● **TASK TO COMPLETE**
Excluding any images, copy all of the lines below precisely as written.

● **INPUT DATA**
......
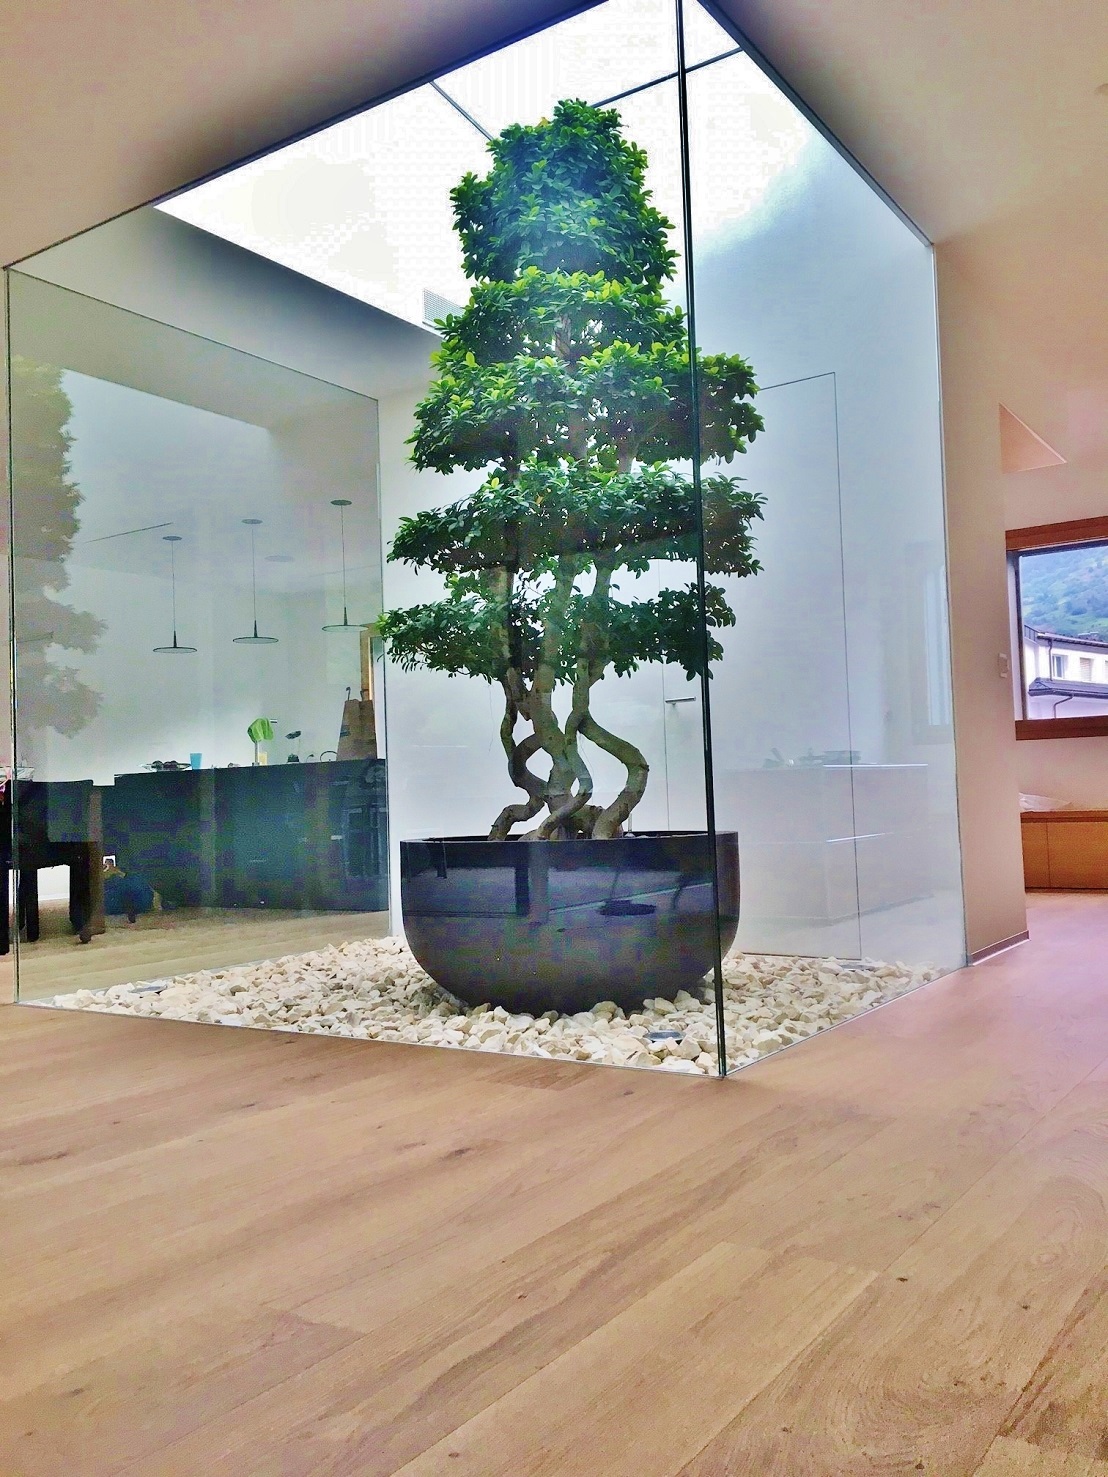 Ficus microcarpa planted in anthracite bottom vessel in the atrium buy online
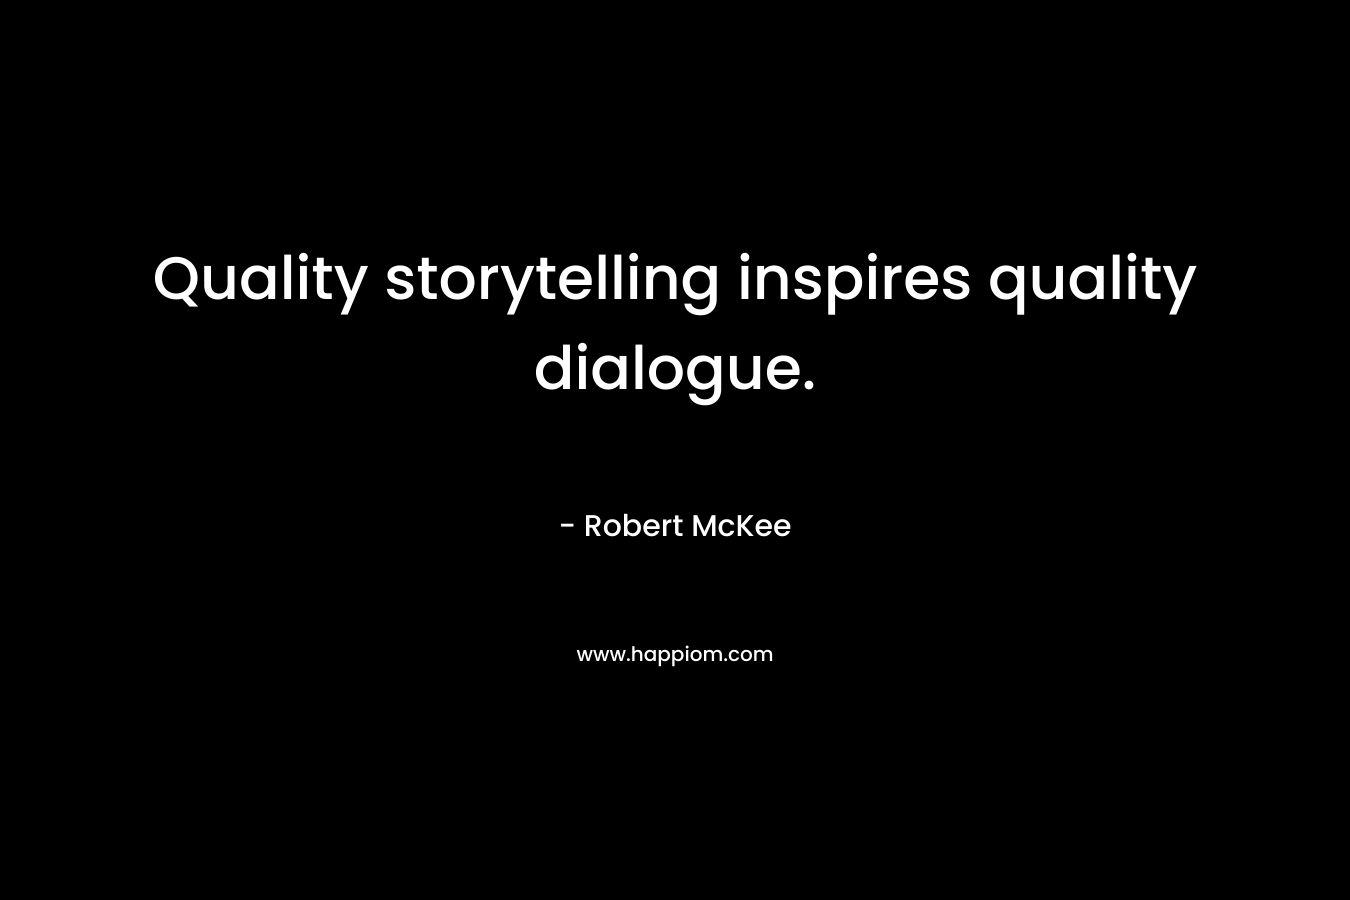 Quality storytelling inspires quality dialogue. – Robert McKee
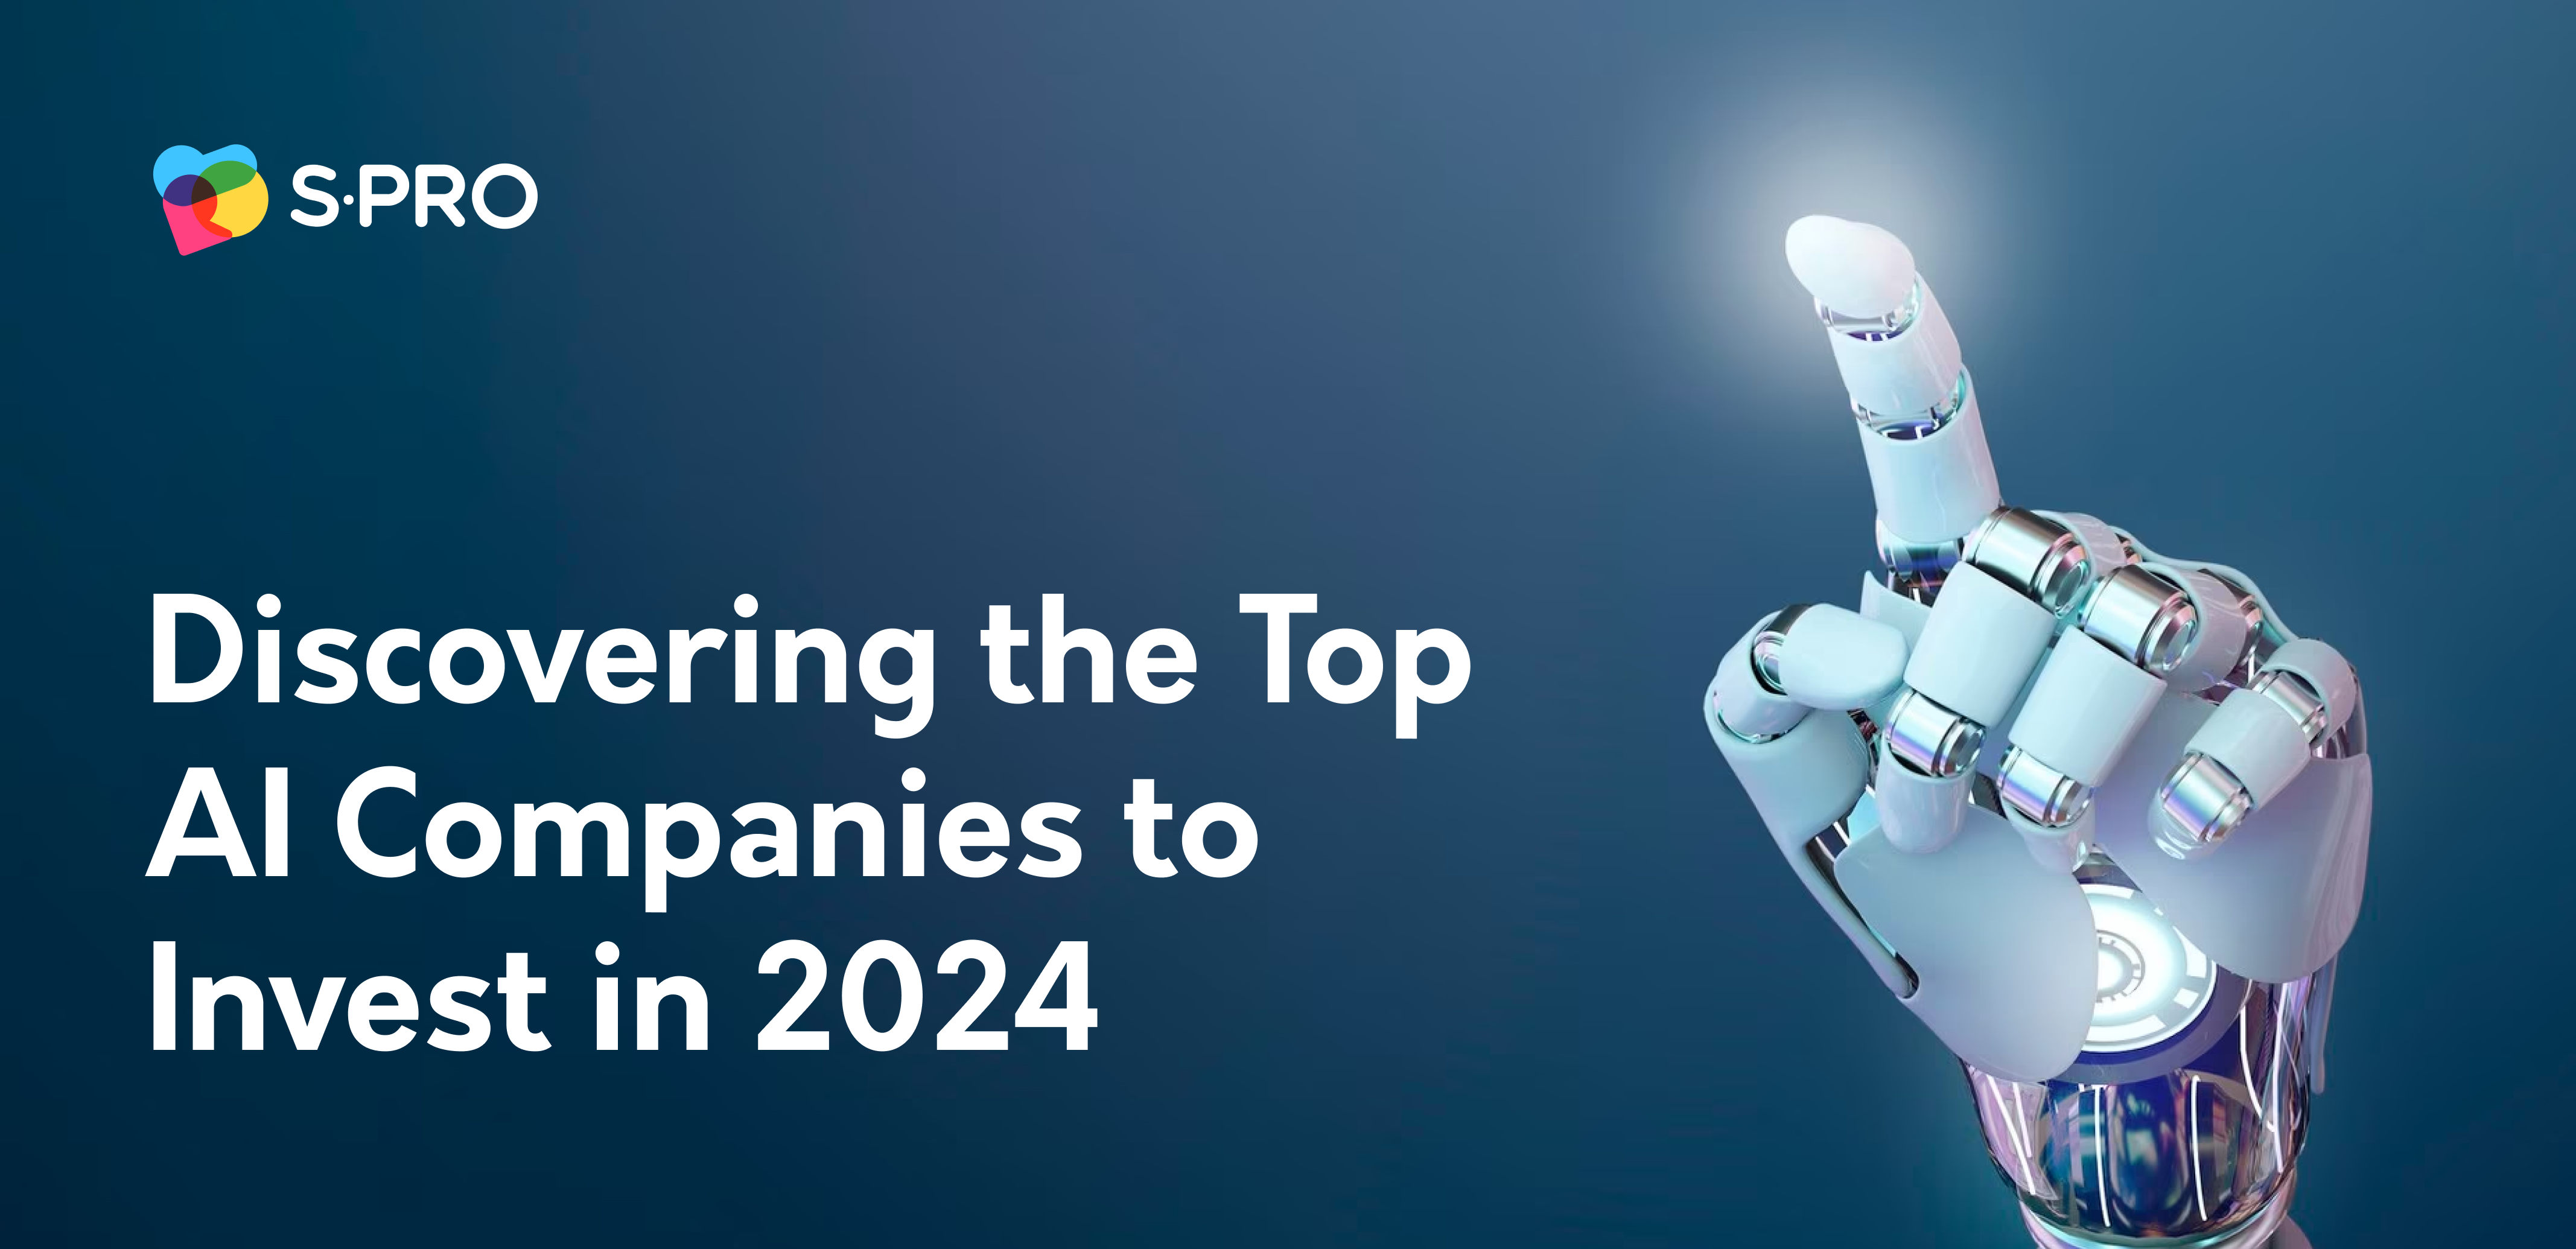 Discovering the Top AI Companies to Invest in 2024
......
● **SOLUTION BELOW**
 Ficus microcarpa planted in anthracite bottom vessel in the atrium buy online
 Quality storytelling inspires quality dialogue. – Robert McKee
 Discovering the Top AI Companies to Invest in 2024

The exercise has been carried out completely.